L’assessore Riccardi spiega le ragioni della chiusura del Punto nascita di San Vito al Tagliamento.
“Nascere a San Vito non è più sicuro. Alla politica spetta stabilire se seguire le indicazioni dei medici o pensare di sostituirli. Noi seguiamo i primi, l’esperienza dei gettonisti nel punto nascita di San Vito al Tagliamento si è dimostrata inefficace e va terminata. Siamo arrivati ad un punto dove sarà necessario intervenire; questo probabilmente non riguarderà una struttura o una disciplina ma l’intero assetto del sistema. Per rispondere alle nuove esigenze della nostra società, al Friuli Venezia Giulia non serve una nuova riforma ma la riprogrammazione dell’esistente. Pertanto lavoreremo alla realizzazione di un nuovo progetto sul quale la politica potrà misurarsi, facendoci accompagnare nella sua elaborazione dall’Agenzia nazionale per i servizi sanitari regionali (Agenas), chiedendo inoltre la collaborazione di alcuni esponenti di riconosciuto rilievo della sanità regionale”.
Lo ha detto l’assessore regionale alla Salute Riccardo Riccardi rispondendo in Aula ad una interrogazione riguardante il punto nascita di San Vito al Tagliamento. L’esponente dell’esecutivo Fedriga, nel suo intervento, ha dapprima messo in luce alcuni passaggi evidenziati da una lettera del primario del reparto di ostetricia e ginecologia dell’ospedale della provincia pordenonese, dal quale emerge la necessità di riorganizzare il punto nascite di San Vito in attesa che vi sia nuovamente un numero sufficiente di medici per sostenere l’attività del reparto.
“Di fronte a dichiarazioni tecniche precise e inconfutabili compiute dal primario – ha detto Riccardi nel suo intervento – constato che si mette di nuovo in atto uno scontro di parte, che sfocia nelle minacce ai medici che sostengono la necessità di queste decisioni, professionisti ai quali ho espresso la mia solidarietà. Toni ed esternazioni di questi giorni creano solo tensioni e non aiutano invece a trovare la soluzione ad un problema oggettivo, ossia la riduzione delle nascite e al contempo l’assenza di medici che possano garantire la sicurezza di mamme e bambini “.
Nella risposta all’interrogazione, Riccardi ha poi ricordato come da tempo sia in atto la ricerca di personale per garantire servizi efficienti. “Le strutture sanitarie con più casi assicurano l’attrazione dei professionisti e le maggiori garanzie di sicurezza per il paziente, consentendo alle aziende un’organizzazione delle presenze del personale sicuramente molto più efficace. A tal proposito solo pochi giorni fa, grazie ad un concorso, Asfo ha assicurato l’assunzione di due nuovi professionisti: questi hanno scelto di lavorare a Pordenone perché se fossero stati destinati a San Vito non avrebbero accettato l’incarico. Sempre sul fronte del personale, si è ricorso nel tempo all’utilizzo dei gettonisti, scelta che si è rivelata sbagliata; come in altre situazioni, in assenza di personale disponibile, si sono percorse tutte le strade possibili per tenere aperti i servizi. Ma questa esperienza dimostra che non funziona e quindi va chiusa”.

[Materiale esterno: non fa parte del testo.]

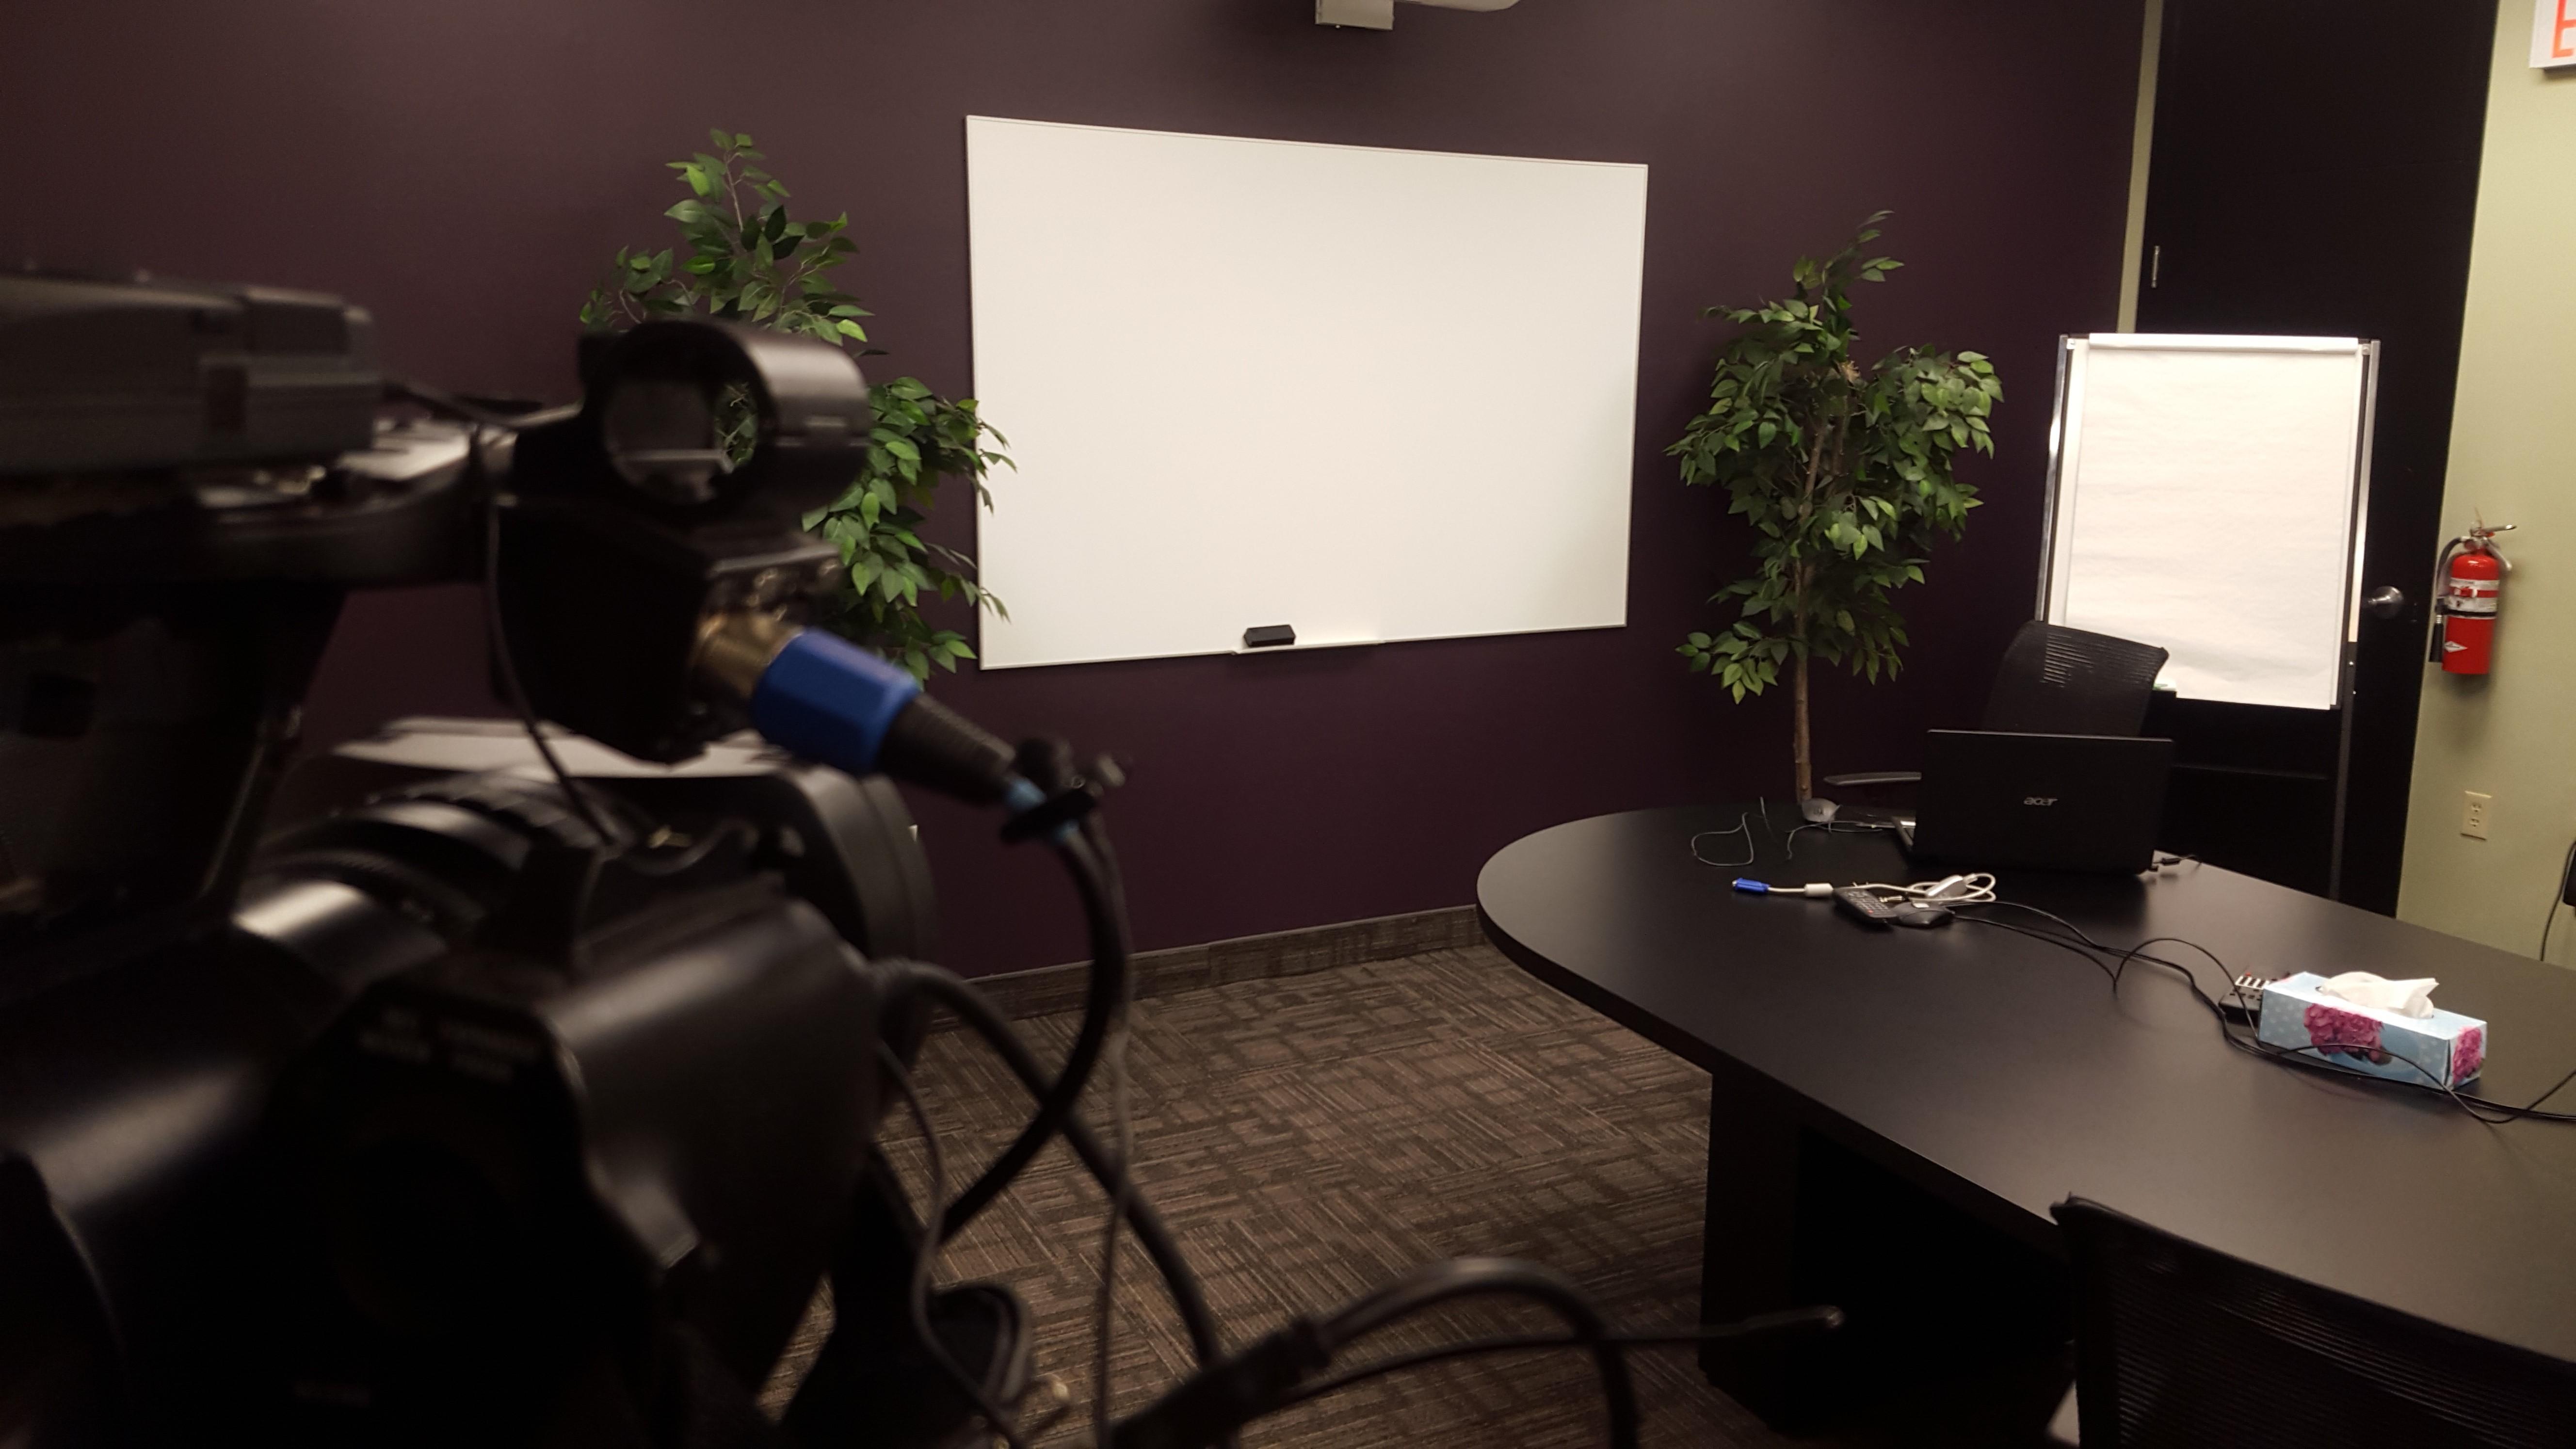 Webinars and Instructional videos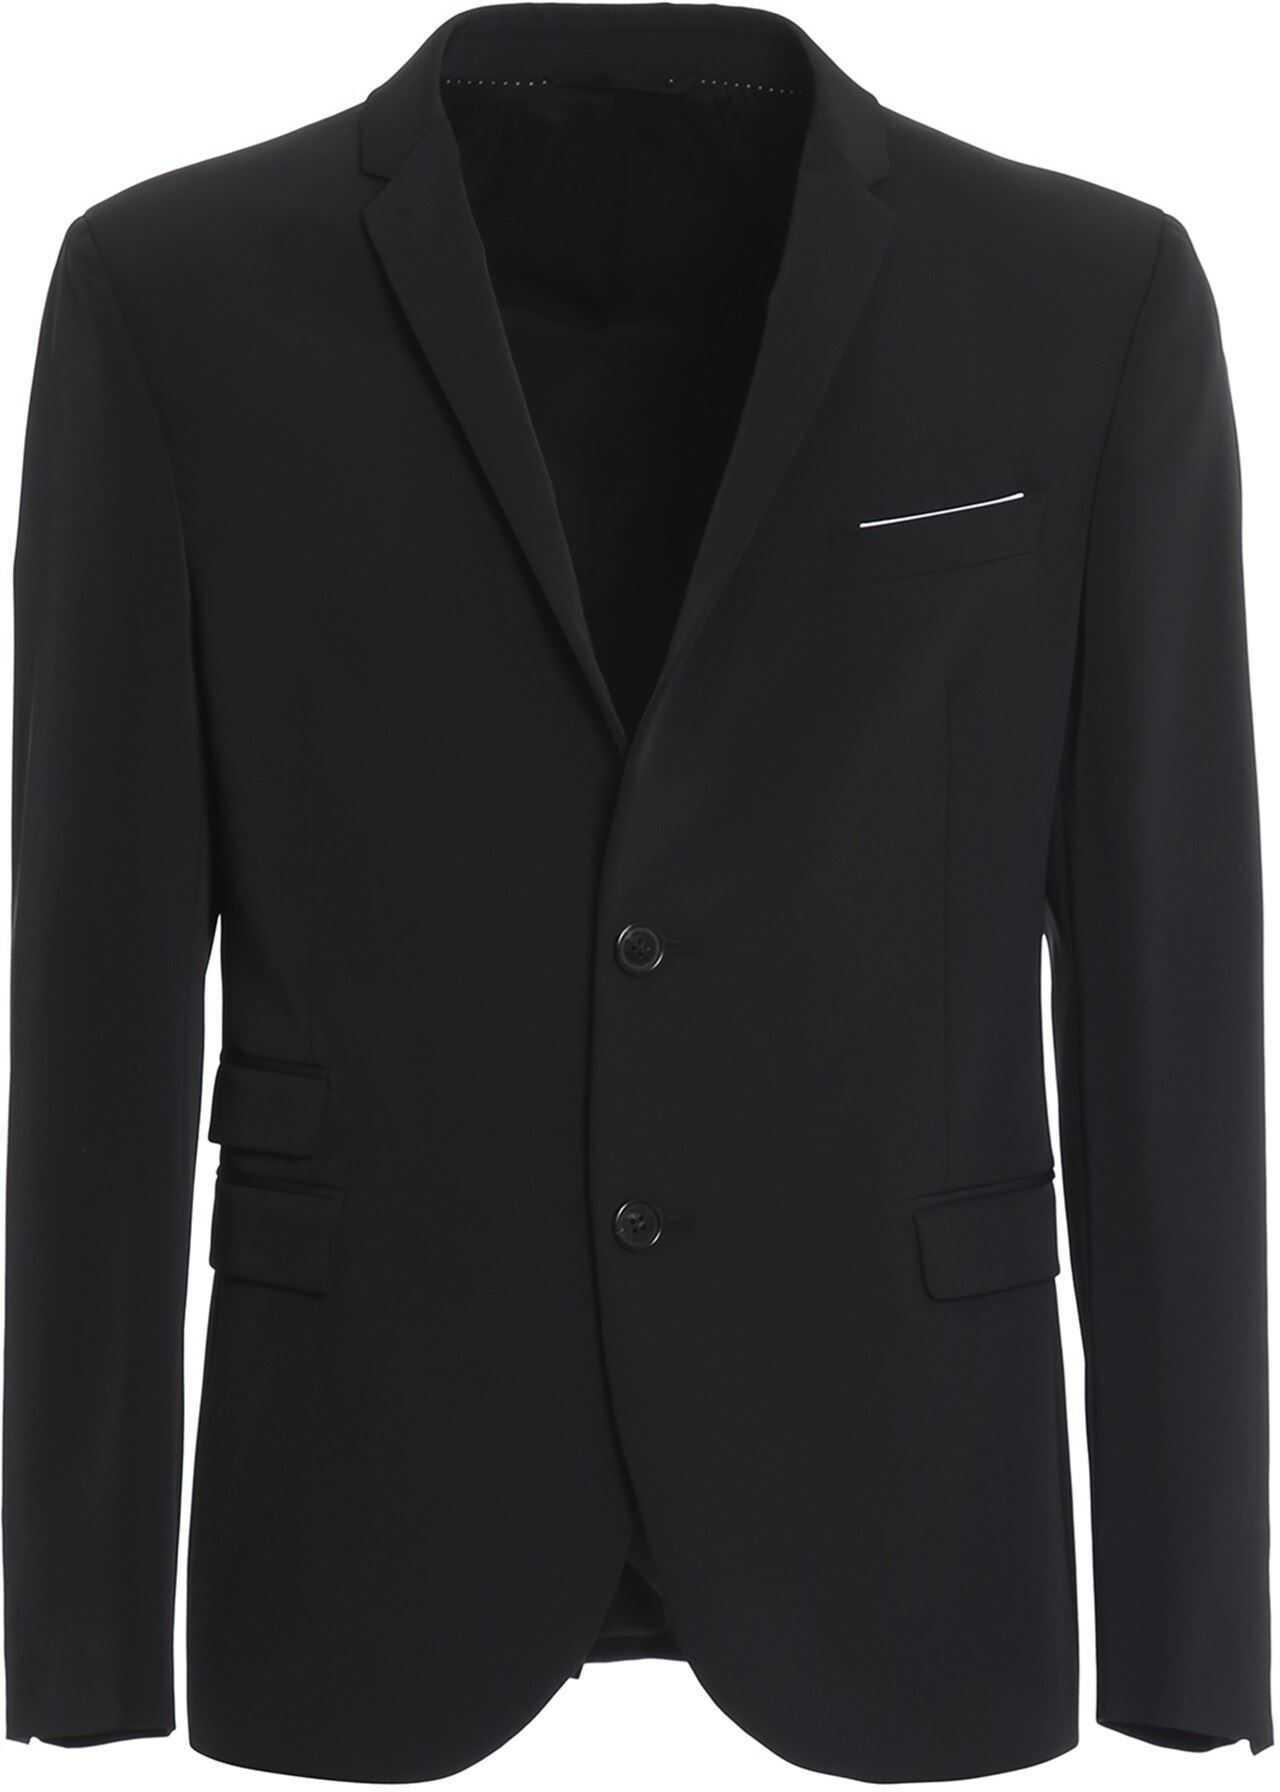 Neil Barrett Stretch Cady Suit In Black Black imagine

Guardando poi ad un orizzonte temporale di lungo periodo e ad una necessità di riprogrammare l’esistente, l’assessore regionale ha ricordato come “l’organizzazione del nostro servizio sanitario non è più solo un problema di soldi e personale. Di questi temi se ne parla da decine di anni, dal momento che stiamo ancora discutendo dei contenuti di una legge regionale del 1995. La vera questione è se si vuole governare il problema decidendo una volta per tutte ciò che va fatto veramente o lasciare tutto nell’indecisione o alla scelta della “piazza”, sapendo già come andrebbe a finire”.
“Pertanto – ha concluso Riccardi – ci troviamo davanti a un bivio; nel compiere una scelta, non servono nuove riforme ma una riprogrammazione dell’esistente, in cui si tenga conto delle criticità che la pandemia ha esposto in maniera evidente. Su questo – ha assicurato l’assessore – ci stiamo già lavorando, a partire dalla decisione avvenuta mesi fa, di farci accompagnare in questo percorso da Agenas. Inoltre chiederemo anche la collaborazione di alcuni esponenti riconosciuti e di rilievo della sanità regionale. In questo modo elaboreremo un progetto sul quale misurarsi; quello sarà il momento in cui capiremo la vera volontà di fare quel che serve o lasciare che – inevitabilmente – i servizi continuino a costare di più e ‘rispondere’ di meno”.